2 3.23 FDA’s policy on consumer capacity. In 2002, FDA declared that the agency would use a “reasonable consumer” standard to determine whether food labeling is misleading, explaining, “The reasonable consumer standard more accurately reflects FDA’s belief that consumers are active partners in their own health care who behave in health promoting ways when they are given accurate health information.” 67 Fed. Reg. 78002‐78004 (Dec. 20, 2002).
3 3.24 FTC’s policy on consumer capacity. FTC has applied a similar standard by policy since 1984. See 103 FTC 100, 174 (1984) (“from the perspective of a consumer acting reasonably in the circumstances.”) Only “a significant minority of reasonable consumers” need to be deceived for the practice to be deemed misleading. Id. note 20.
4 3.25 Reasonable consumer versus not misleading “in any particular.” How can you reconcile the tension between the reasonable consumer standard and not misleading in any particular?
5 3.26 The gullible consumer as the ordinary consumer. Are there situations where a gullible consumer might be the ordinary consumer?
6 3.27 Compliance with the FD&C Act no bar to Lanham Act claims. In POM Wonderful LLC v. Coca‐Cola Co., 134 S.Ct. 2228 (2014) the court held that a statutory private right of action under the Lanham Act is not precluded by compliance with the regulatory provisions of the FD&C Act.
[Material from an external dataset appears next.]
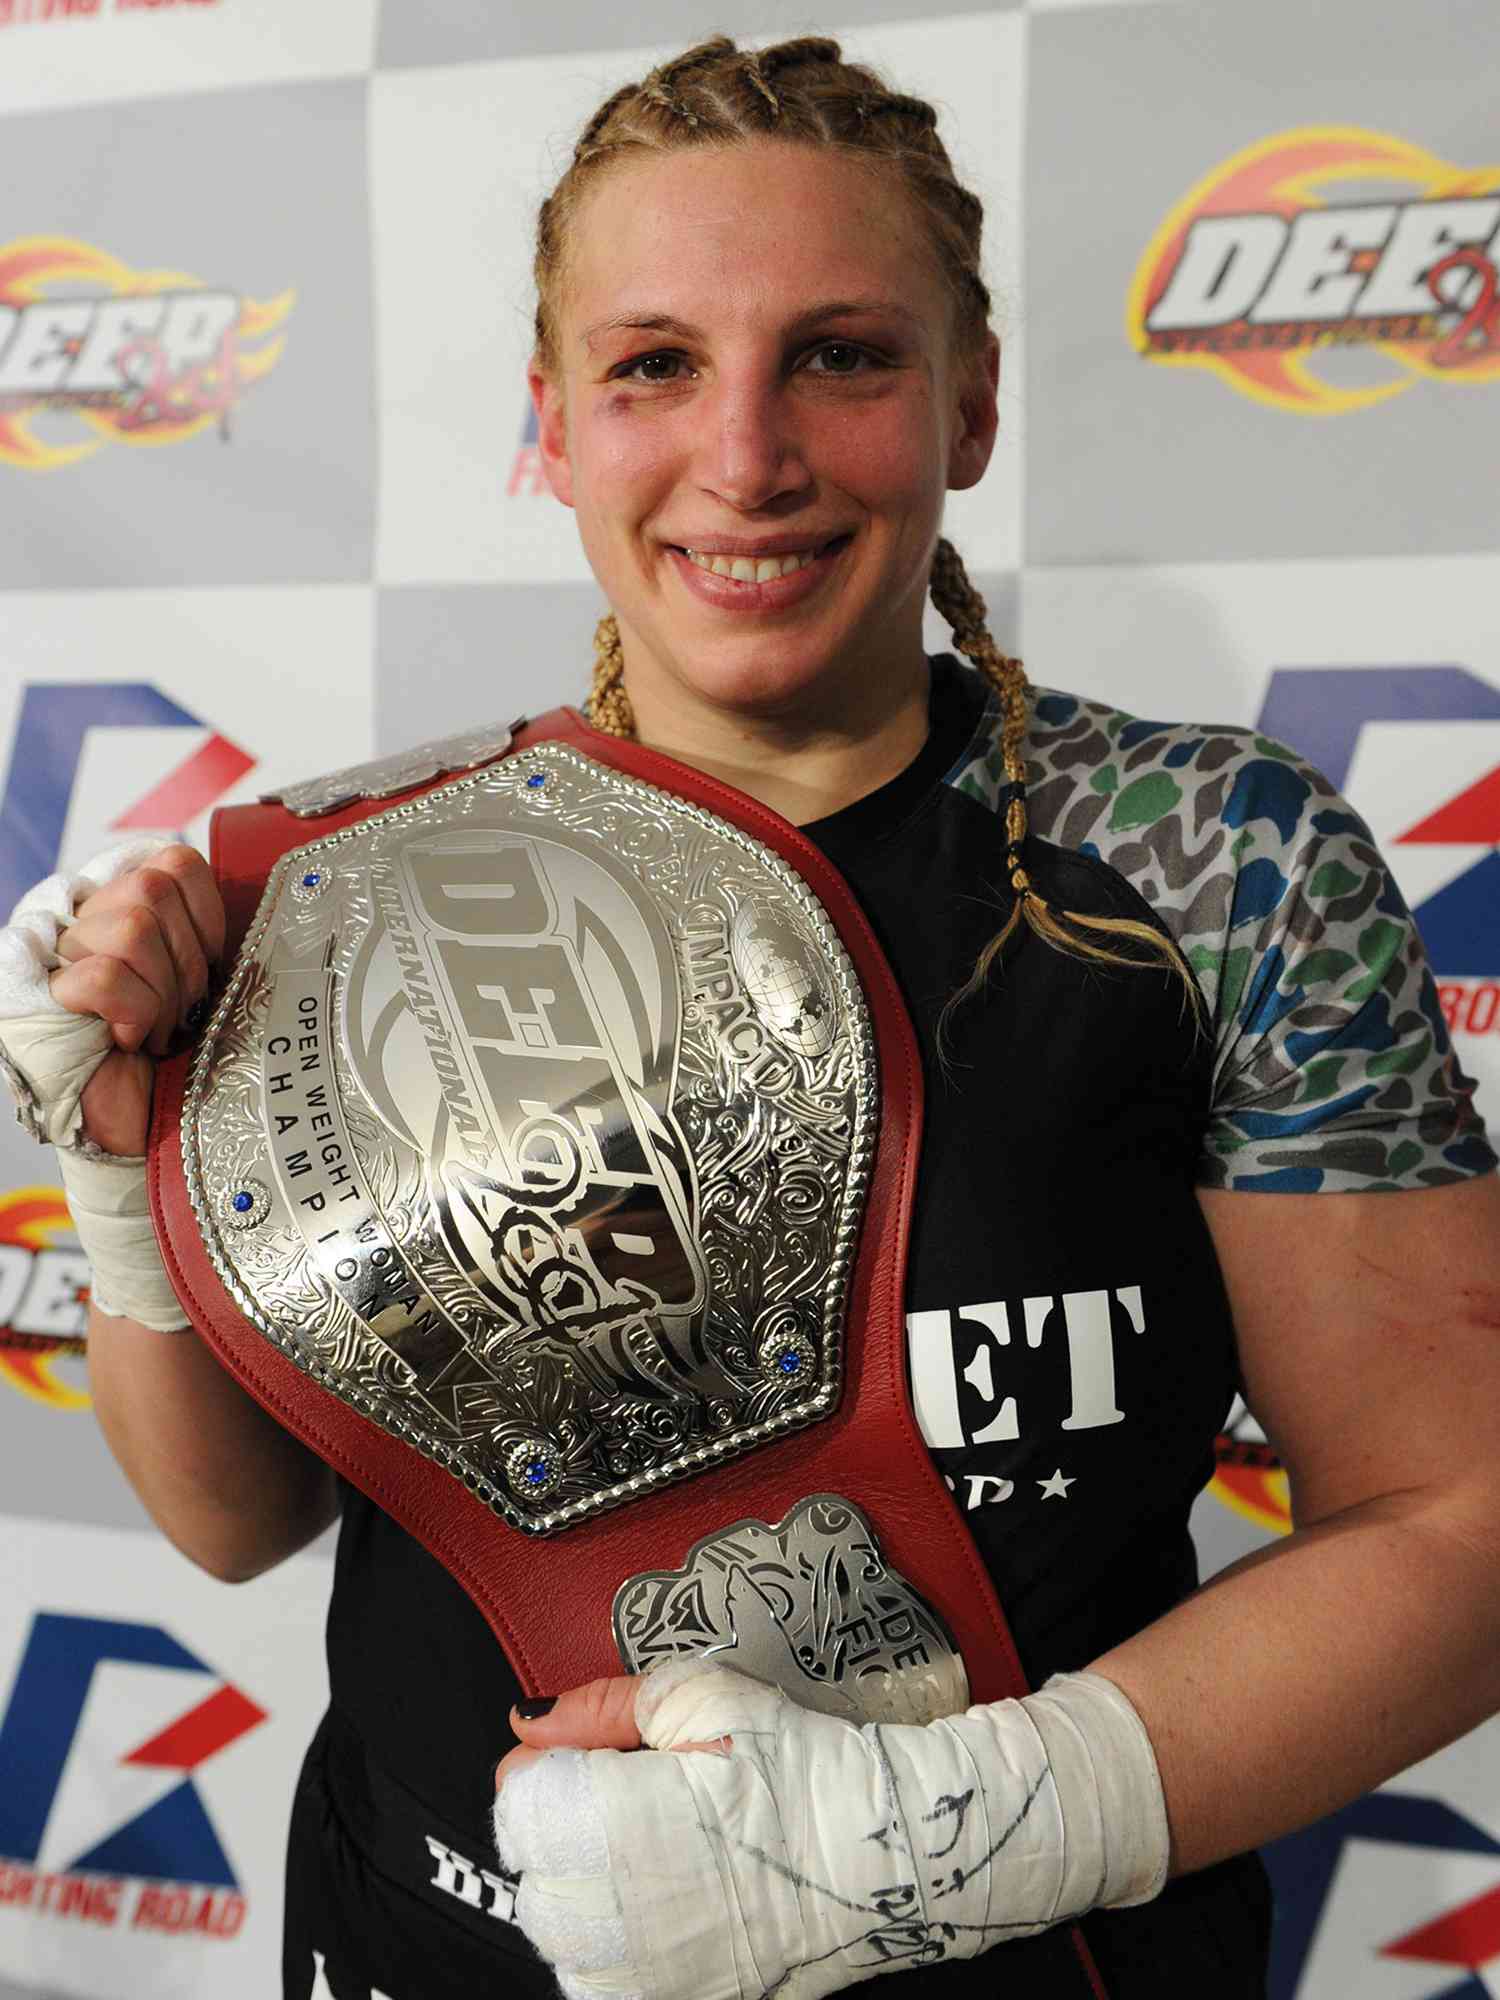 Amanda Lucas poses with the belt in her post match media conference after the DEEP57 fight against Yumiko Hotta on February 18, 2012 in Tokyo, Japan.

In effect, the FD&C Act and the Lanham Act are complementary, and the FD&C Act and its regulations do not provide a ceiling on Lanham Act claims. Neither statute forbids Lanham Act claims on labeling regulated by the FD&C Act, and the statutes have coexisted for seventy years. See Chapter 19 for more of this case.
The Battles Over Labeling Substitute Foods
Plant‐based substitutes for milk and meat, such as soymilk and bean burgers, have long been available, but in recent years, the number of similar products proliferated. Beyond soymilk, we now have oat, hemp, flax, pea, almond, rice, and peanut butter milk. Beyond bean burgers, we have cell‐cultured, lab‐grown meat and burgers with plant‐based heme to simulate the blood and taste of beef.62
Soymilk
In 2000, the National Milk Producers Federation petitioned the FDA to, “make clear to manufacturers of imitation dairy products that product names permitted by federal standards of identity, including dairy terms such as ‘milk’, are to be used only on foods actually made from milk from animals like cows, goats, and sheep.”63 A number of states adopted so‐called “truth in labeling” laws to prevent plant‐based products from be called “milk.” One slogan about these laws is, “Almonds don’t lactate.”64 These battles can be distilled to three issues: (1) the government’s power to impose standardized names, (2) whether consumer confusion exists over the nature of these products, and (3) whether there are materials facts undisclosed, such as inferior nutritional composition (or what else should the label say).